In order for India to realise its economic aspirations of becoming Viksit Bharat by 2047, when the country celebrates 100 years of its independence, the GDP growth rate would need to be significantly higher that its current estimates for FY26, the Economic Survey 2024-25 stated.
The Economic Survey, tabled by Finance Minister Nirmala Sitharaman, in the Parliament today, stated that India needs a growth rate of 8 per cent for a decade or two to achieve its vision.
“To realise its economic aspirations of becoming Viksit Bharat by the time of the centenary of independence, India needs to achieve a growth rate of around 8 per cent at constant prices, on average, for about a decade or two. While the desirability of this growth rate is unquestionable, it's important to recognise that the global environment – political and economic – will influence India's growth outcomes,” the survey stated.
It must be mentioned that the survey estimates India’s GDP to grow in the range of 6.3-6.8 per cent for FY26. The survey said that there are many upsides to domestic investment, output growth and disinflation in FY26, but there are equally strong, prominently extraneous downsides too. “”Nonetheless, the fundamentals of the domestic economy remain robust, with a strong external account, calibrated fiscal consolidation and stable private consumption,” it said.

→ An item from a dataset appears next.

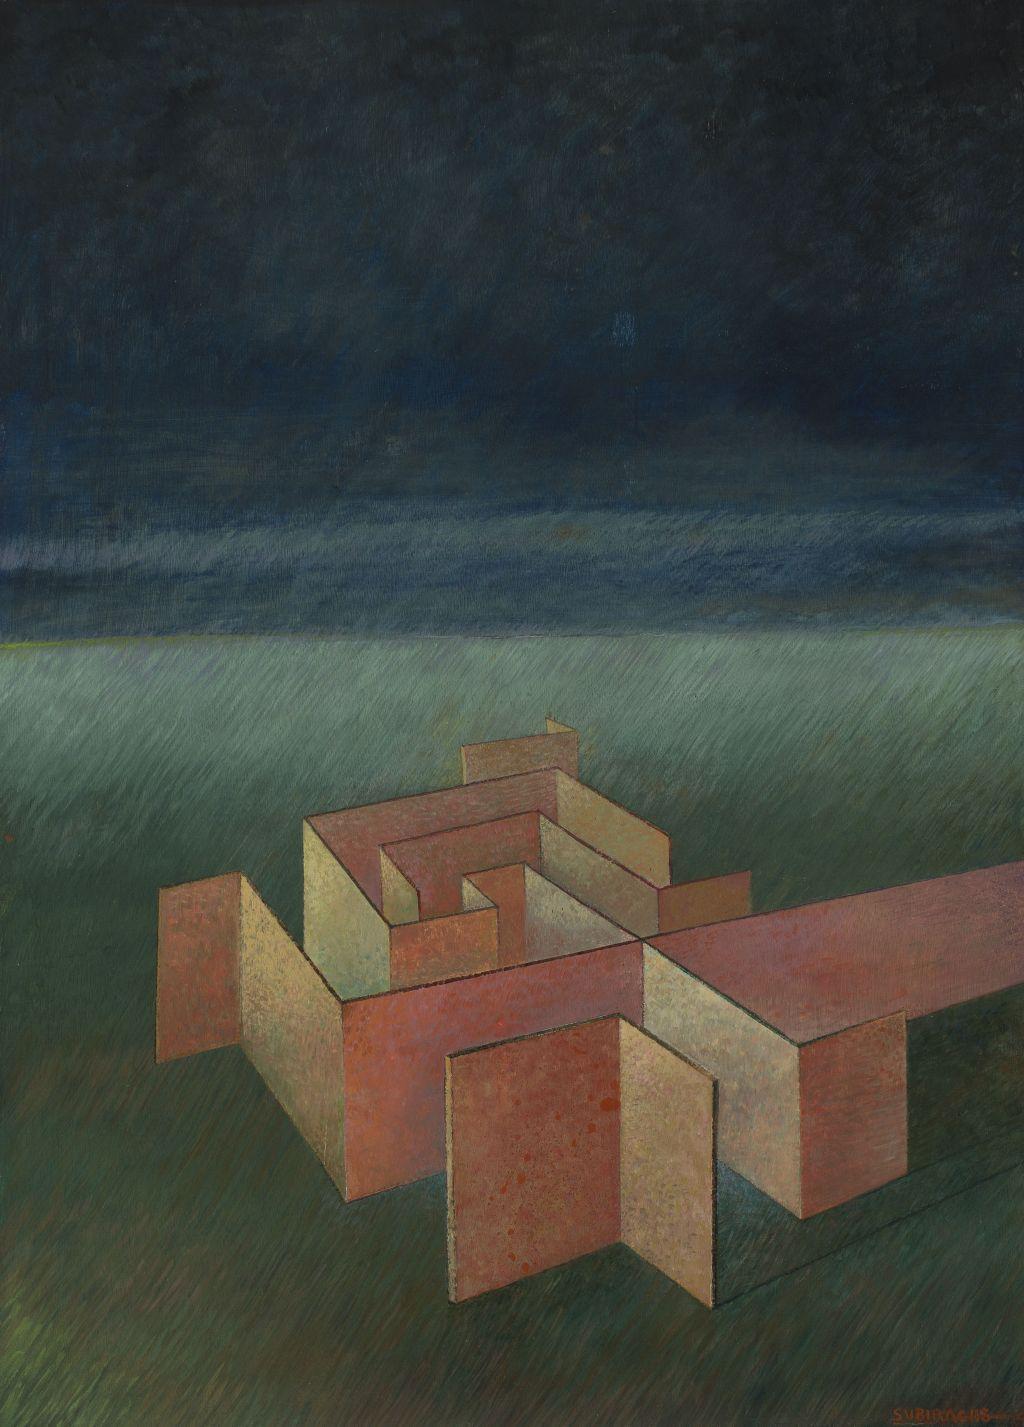 Inicio de laberinto, Josep Maria Subirachs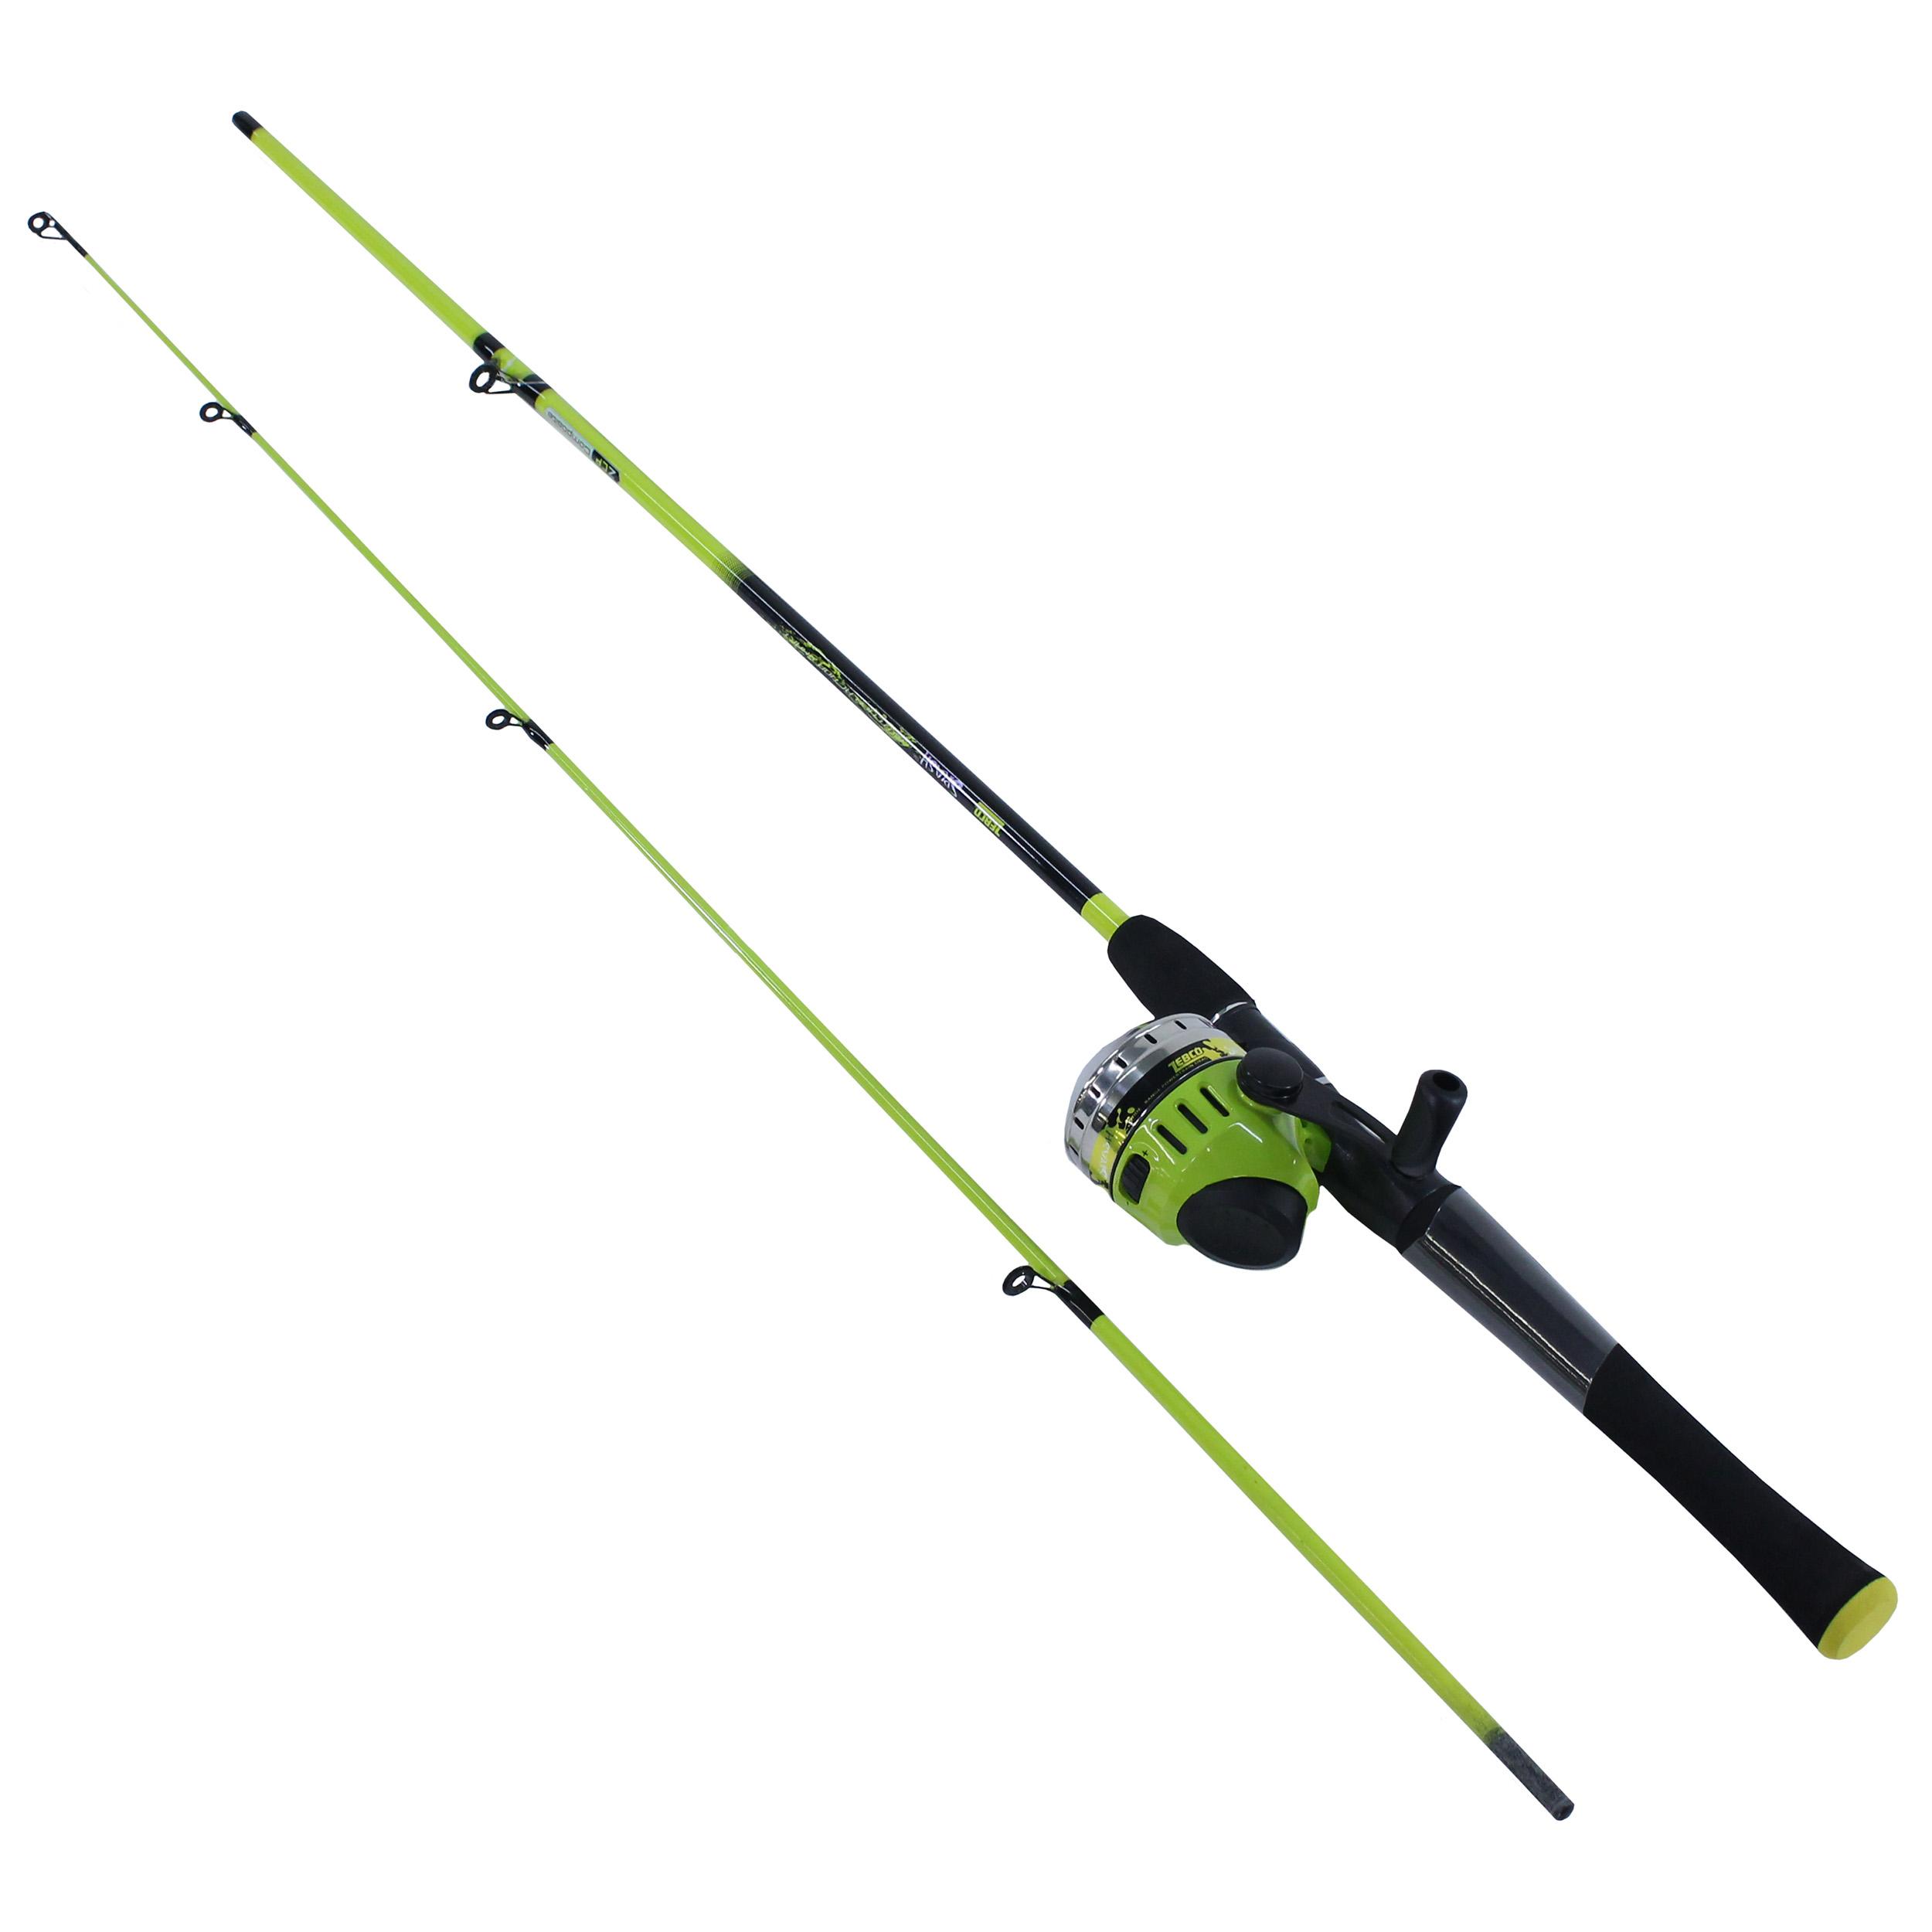 Zebco Splash 6 Ft 2-Piece Rod /& Reel Combo Fishing Pole

Talking about India’s medium-term outlook and its aspirations to achieve ‘Viksit Bharat’, the survey highlighted the projections of World Economic Outlook (WEO) of the International Monetary Fund, which it called “sanguine”.
“The IMF WEO projects India to become a $5 trillion economy by FY28 and reach a size of $6.307 trillion by FY30. This translates into an annual nominal growth rate of nearly 10.2 per cent in USD terms for FY25 to FY30. To put this in context, in the thirty years between FY94 and FY24, India's dollar gross domestic product (GDP) grew at a compounded annual rate of 8.9 per cent. So, the IMF expects India to grow at a significantly higher rate of 10.2 per cent in dollar terms in the next five years,” it said.
In rupee terms, India’s nominal GDP grew at a compounded annual rate of 12.4 per cent in the three decades ending FY24, it said, adding that the IMF projects India’s nominal GDP to grow at 10.7 per cent annually.
“So, in effect, given the projected growth rate of only 10.2 per cent in dollar terms, the Fund expects the rupee to weaken, on average, only by 0.5 per cent per annum in the next five years, compared to the 3.3 per cent annual depreciation experienced in the three decades up to FY24…the Fund also projects that India's current account deficit will rise gently and gradually to 2.2 per cent of GDP by FY30,” it said.
THE CHINA ANGLE
While addressing the elephant in the room, the survey also spoke about the dragon in the room. China, it acknowledged, will have a bearing on the growth projections.
China’s dominance vis-a-vis the dependency of the global economy for energy transition efforts is critical, it said. “India has ambitious goals for energy transition despite being one of the lowest per capita emitters of greenhouse gases. Dependence on China-made goods to achieve that transition enhances the complexity of the challenge for India,” it said.